For more information, reference the full AWS CLI documentation.
########################################################################
### 1 ### create a python virtual environment (will take care of ssl error):
brew install pyenv
pyenv install 2.7.10
sudo pip install virtualenvwrapper
mkvirtualenv --python=~/.pyenv/versions/2.7.10/bin/python myPY2.7env
pip install awscli
# exit virtual environment
deactivate
# start virtual environment
workon myPY2.7env
########################################################################
########################################################################
### 2 ###
# Get your credentials from Griffin
# log into the headnode
# look for a file called "s3cred.txt"
# get the contents
less ~/s3cred.txt
# will look something like this:
[[tenant_namel]]
access_key=USOMESTRINGOFCHARACTERSB
secret_key=mANOTHERSTRINGOFCHARACTERSi
# These are the keys you'll need to access the tenant
# Note that our current policies do not accept sharing of keys.
########################################################################
########################################################################
### 3 ### configure awscli
# make sure you are in your virtual environment
workon myPY2.7env
aws configure --profile `my_project`
# You will be queried to enter the access key from above
# you can cut/paste the values and press enter
AWS Access Key ID [****************]:
# Do the same for your secret key
AWS Secret Access Key [****************]:
# Use 'us-east-1' as the default region name
Default region name [us-east-1]: us-east-1
#NOTE: We will be ignoring this region and instead using one of our object store gateways.

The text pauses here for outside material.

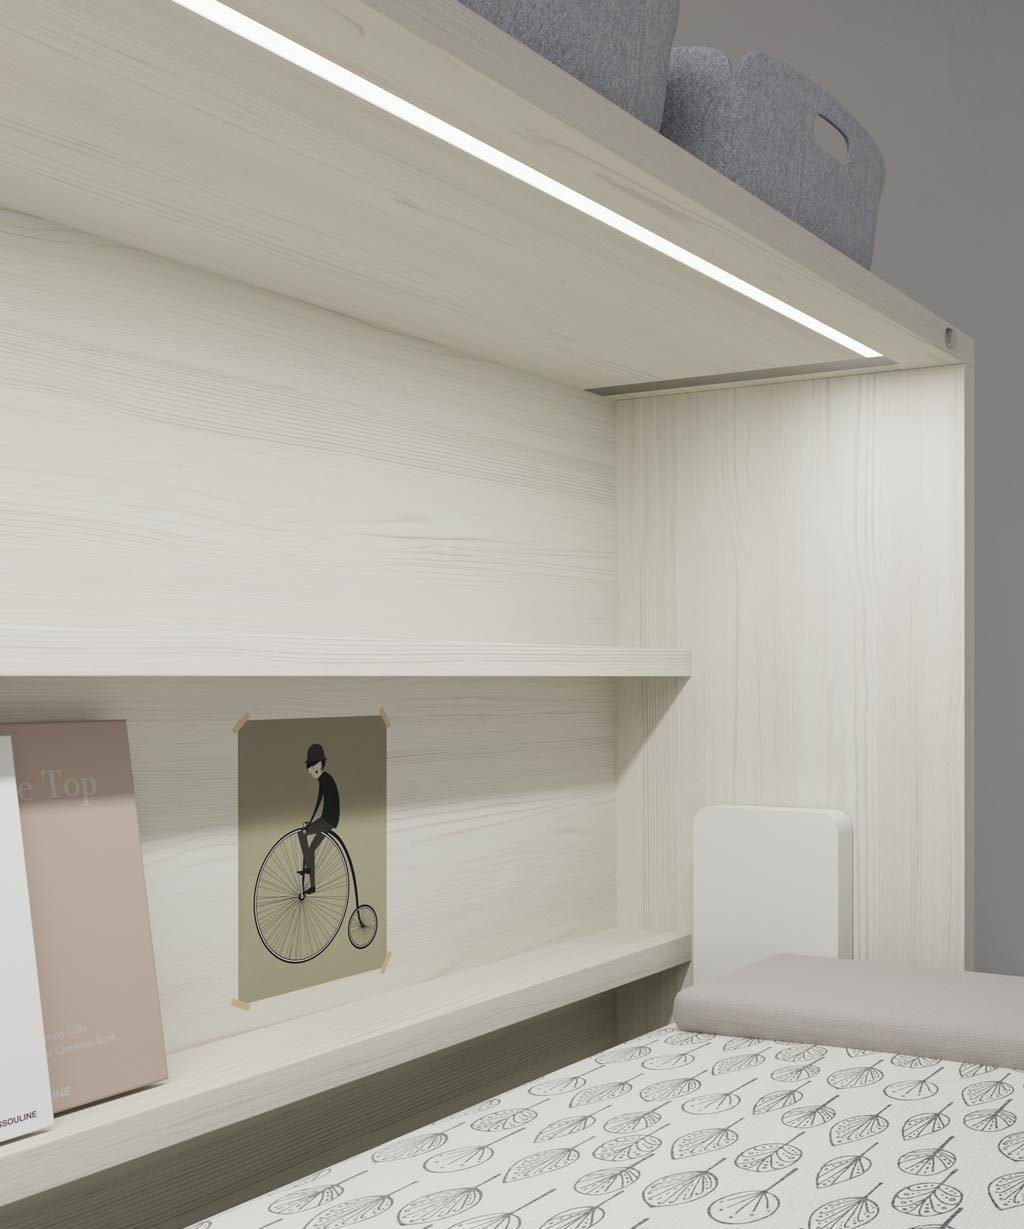 Luz led empotrada en la estructura de la cama abatible horizontal
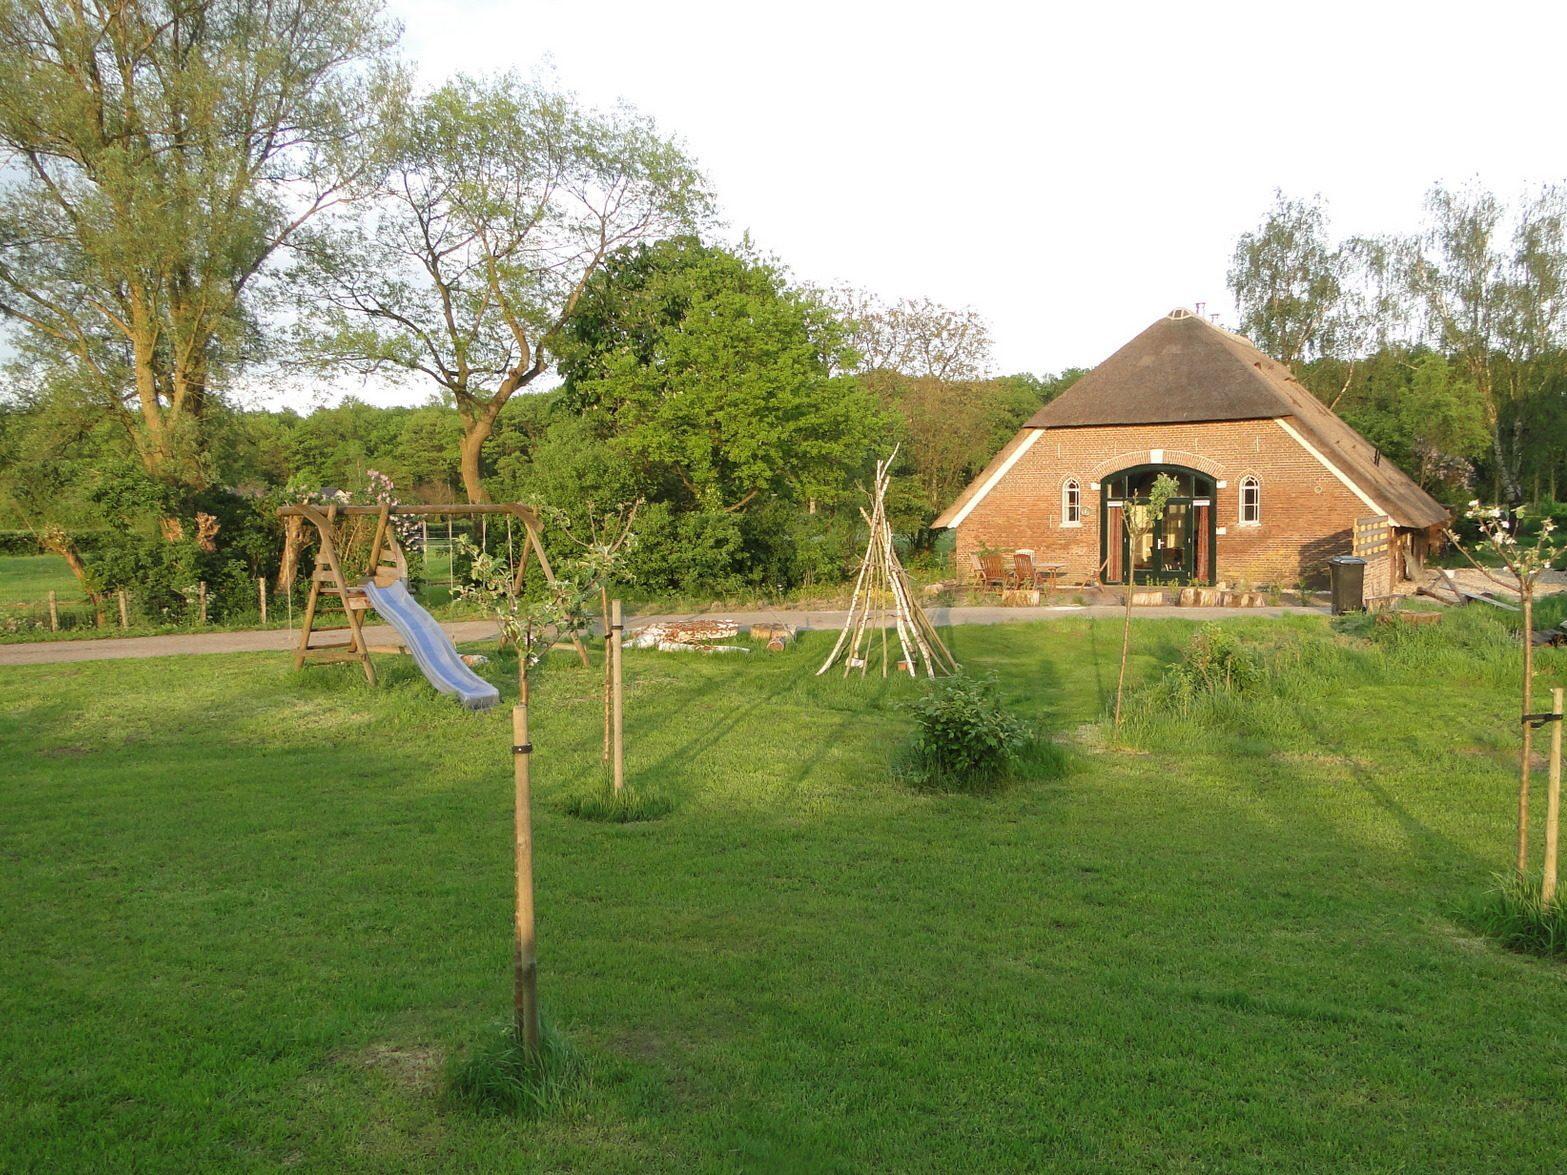 Boerderij de IJsselhoeve in Overijssel, vakantiehuis voor gezinnen

########################################################################
### 4 ### work with data
### Now you can use the following commands to access your data
### beside that you specify the --endpoint-url, otherwise, awscli will try to contact amazon S3
### Also be sure to specify the profile
# make a new bucket
aws s3 mb s3://test-bucket --endpoint-url https://griffin-objstore.opensciencedatacloud.org --profile my_project
make_bucket: s3://test-bucket/
# list buckets
aws s3 ls --endpoint-url https://griffin-objstore.opensciencedatacloud.org --profile my_project
# list items in bucket
aws s3 ls s3://test_bucket/ --endpoint-url https://griffin-objstore.opensciencedatacloud.org --profile my_project
# copy a local file to the bucket
aws s3 cp test_file s3://test-bucket/test_file --endpoint-url https://griffin-objstore.opensciencedatacloud.org --profile my_project
# copy file from bucket to local
aws s3 cp s3://test-bucket/testobject.txt testobject.txt --endpoint-url https://griffin-objstore.opensciencedatacloud.org --profile my_project
# copy object from bucket to local
aws s3 get-object s3://test-bucket/testobject.txt ./ --endpoint-url https://griffin-objstore.opensciencedatacloud.org --profile my_project
########################################################################
Bucket names must be unique across the entire system. Please follow these constraints when creating a new bucket:
For more information consult the Ceph documentation on buckets.
Some Griffin users may wish to publicly expose their buckets to share data with collaborators or with the OSDC community as part of the public data commons. To do so, simply set the bucket acls to “public-read”. An example using boto is below.
### get existing bucket::
mybucket = conn.get_bucket('my_bucket')
### Set public read to all objects in a bucket::
for key in mybucket.list():
key.set_acl('public-read')
Once you have set the object acls to ‘public-read’ the data is accessible in a browser at https://griffin-objstore.opensciencedatacloud.org/<my_bucket>/<object_name>. You will need to specify the entire path for each object.
The current version of the OSDC Public Data Commons is not automounted to Griffin virtual machines. To access any data hosted there, refer to the external download instructions on the OSDC Public Data Commons webpages.